No céu dessa que é a maior e mais incrível cidade da América Latina circula a maior frota de helicópteros por cidades do mundo, com muitos milionários, enquanto nós nos apertamos no metrô e no busão lotados. São Paulo pode ser melhor. São Paulo pode arrasar. Para isso, é preciso enfrentar a profunda desigualdade social que impera nessa cidade. São Paulo precisa ser salva daqueles que vivem de buscar privilégios pessoais, privilégios de classe, de cor de pele (branca), de local de moradia.
Colorir a Câmara de Vereadores
Em 2022, tiramos Bolsonaro da cadeira da Presidência. Nestas eleições, temos a tarefa de derrotar o bolsonarismo em nossa cidade. Eleger Boulos é fundamental. O que está em jogo neste ano não é apenas uma eleição, mas tirar São Paulo do buraco, resgatar a esperança e criar as condições de derrotar o bolsonarismo de uma vez por todas.
Mas não basta eleger Boulos e Marta para a Prefeitura. Assim como em Brasília, sabemos que aqui precisamos ter maioria na Câmara, para termos força de revogar os retrocessos e fazer nossas pautas avançarem. Sabemos do ódio que os bolsonaristas têm, especialmente contra nós mulheres trans e travestis. Que sejamos nós também a vanguarda da vitória da democracia. Não se reconstrói um país, se defende a democracia ou salva uma cidade sem pessoas trans, sem o brilho das LGBTI+, sem a força das mulheres negras. Precisamos de uma bancada do nosso povo, com a nossa cara, de todas as cores.
É preciso coragem
Ewè Asá. Eparrey Oyá.
Vivemos um tempo de caos. São muitas as crises aqui e em todo o mundo. É tempo de guerras e genocídios. Tempo de eventos climáticos extremos e suas consequências especialmente contra o povo negro, indígena e pobre. Tempo de ameaças à democracia e de golpes. Tempo de crises econômicas e aprofundamento de desigualdades.

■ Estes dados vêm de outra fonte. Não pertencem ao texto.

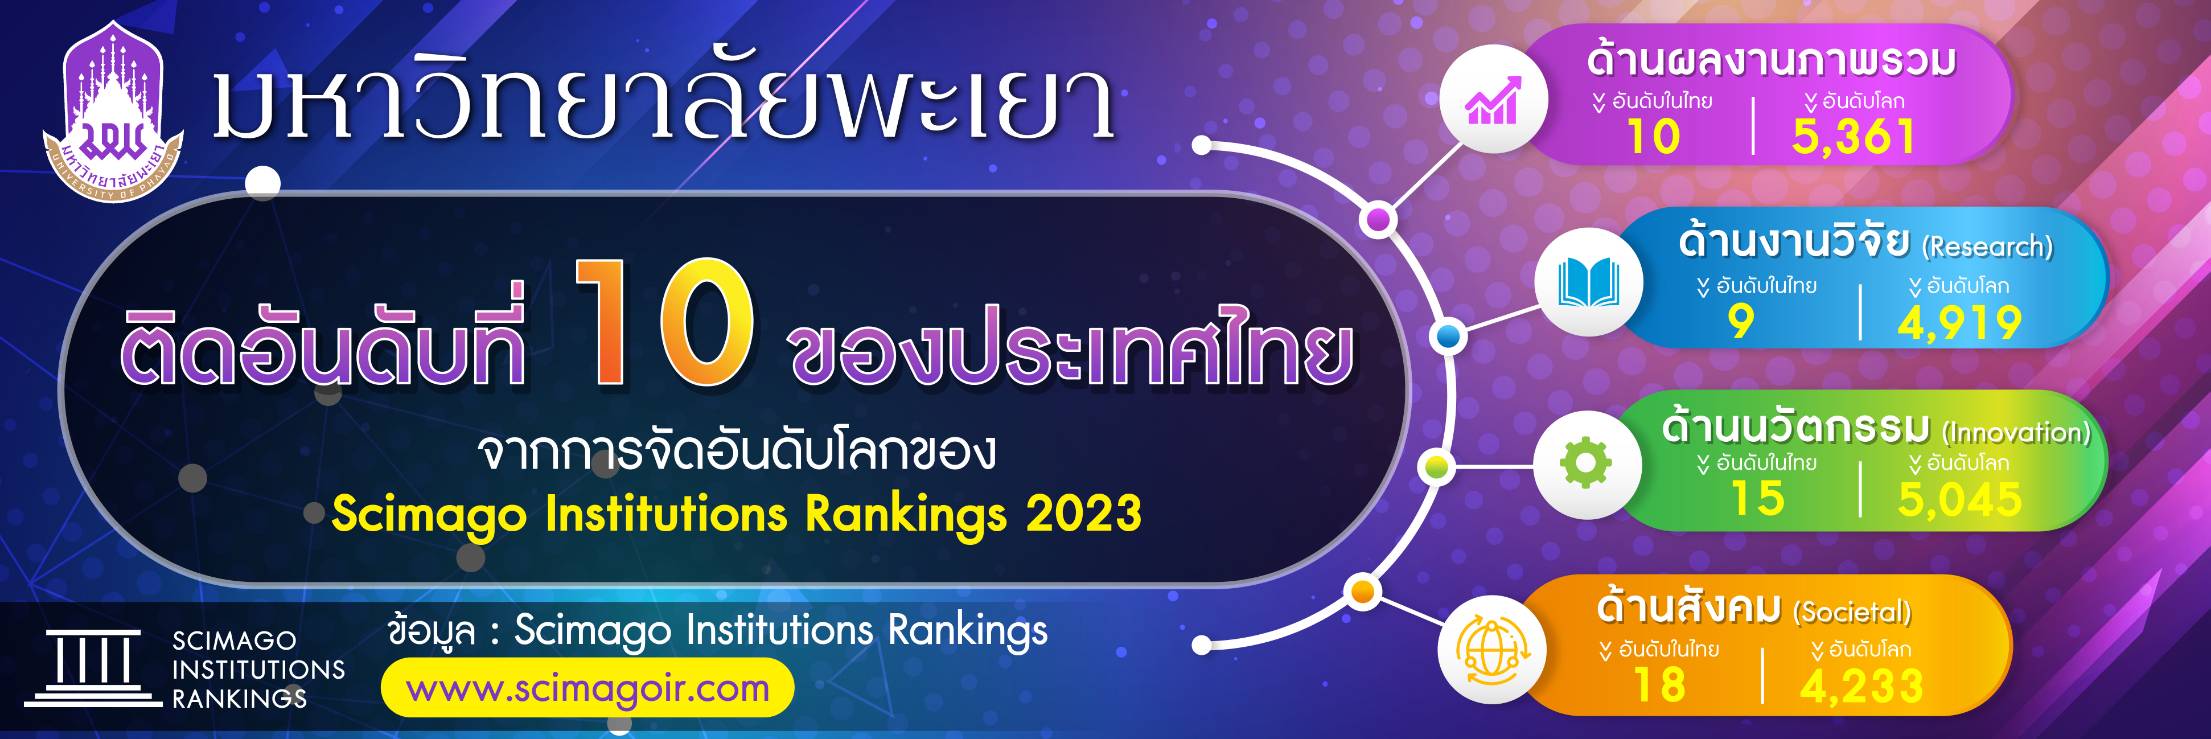 SCImago Institution Rankings 2023

Mas também é tempo de TRANSformações e fim de explorações com os ventos fortes de Iansã. É tempo de cura do planeta e das opressões com as folhas e o ecossistema de Ossain. Vai ter atraque de Iansã, como aprendi no pajubá das travas, mas também vai ter fervo Odara e cura! É tempo de ter os pés firmes no chão e os olhos no futuro ecossocialista. E para transformar a sociedade é preciso coragem. Nós, mulheres negras na política, somos sementes de Marielle Franco. E sabemos o que é lutar todos os dias contra a violência política.
Este ano São Paulo tem a chance de reafirmar que a política também é lugar de travesti negra. Viemos pra ficar a expandir nossa presença. Junta de muitas manas vamos construir um projeto de transformação radical da nossa cidade, com coragem para enfrentar os retrocessos. É isso o que a pré-candidatura de Carol Iara vereadora representa e chamamos você a construir esse movimento conosco.